Said Mr. Bryany:
"'Merica's the place for hotels."
"Yes, I expect it is."
"Been to Chicago?"
"No, I haven't."
Mr. Bryany, as he removed his overcoat, could be seen politely
forbearing to raise his eyebrows.
"Of course you've been to New York?"
Edward Henry would have given all he had in his pockets to be able to
say that he had been to New York. But by some inexplicable negligence
he had hitherto omitted to go to New York, and being a truthful person
(except in the gravest crises) he was obliged to answer miserably:
"No, I haven't."
Mr. Bryany gazed at him with amazement and compassion, apparently
staggered by the discovery that there existed in England a man of
the world who had contrived to struggle on for forty years without
perfecting his education by a visit to New York.

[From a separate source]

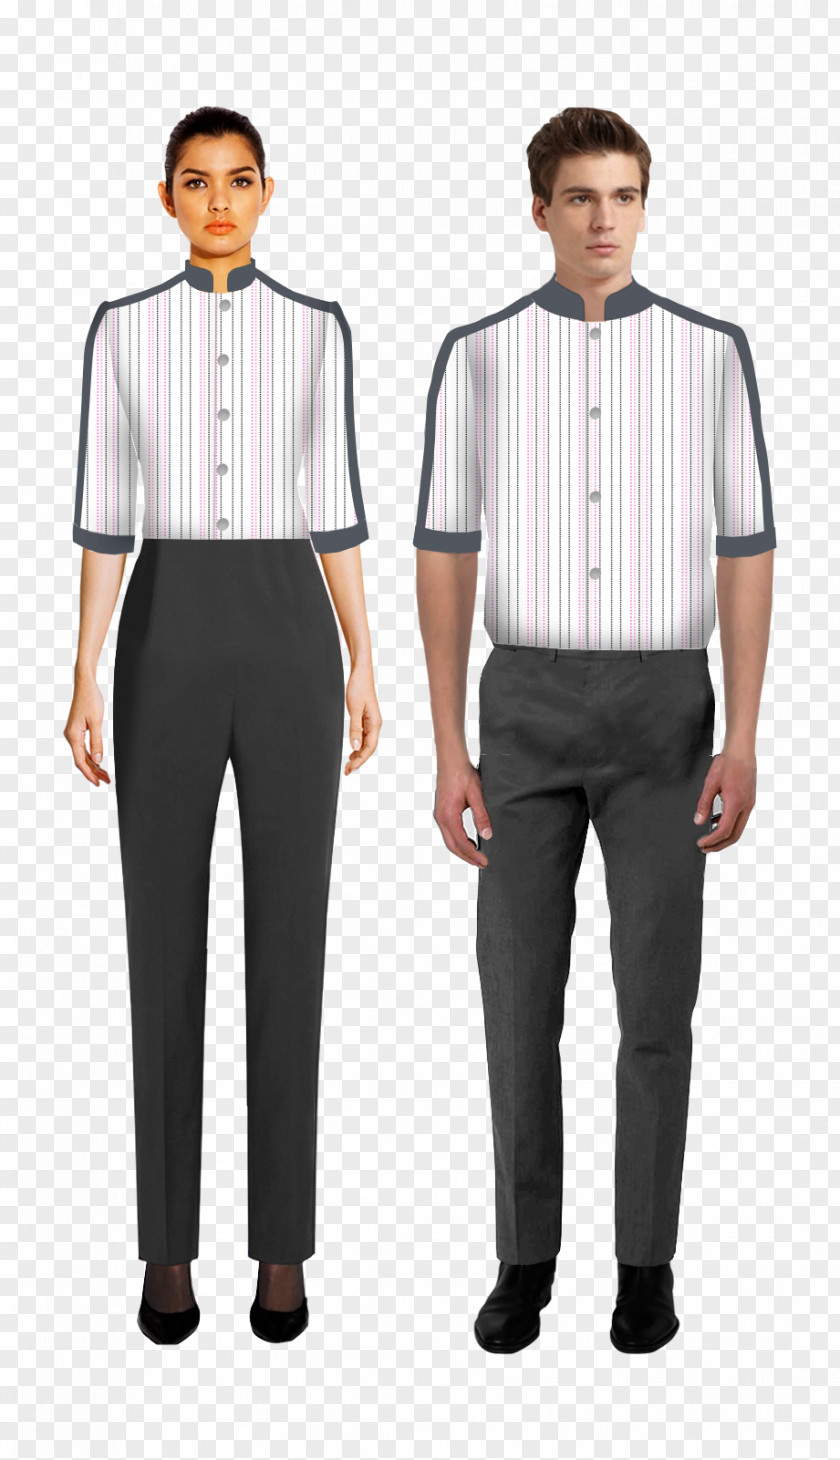 Uniforms Tuxedo Uniform Housekeeping Clothing Dress Shirt PNG

Edward Henry could not tolerate Mr. Bryany's look. It was a look
which he had never been able to tolerate on the features of anybody
whatsoever. He reminded himself that his secret object in accompanying
Mr. Bryany to the Turk's Head was to repay Mr. Bryany--in what coin he
knew not yet--for the aspersions which at the music-hall he had cast
upon England in general and upon the Five Towns in particular, and
also to get revenge for having been tricked into believing, even for a
moment, that there was really a case of hydrophobia at Bleakridge.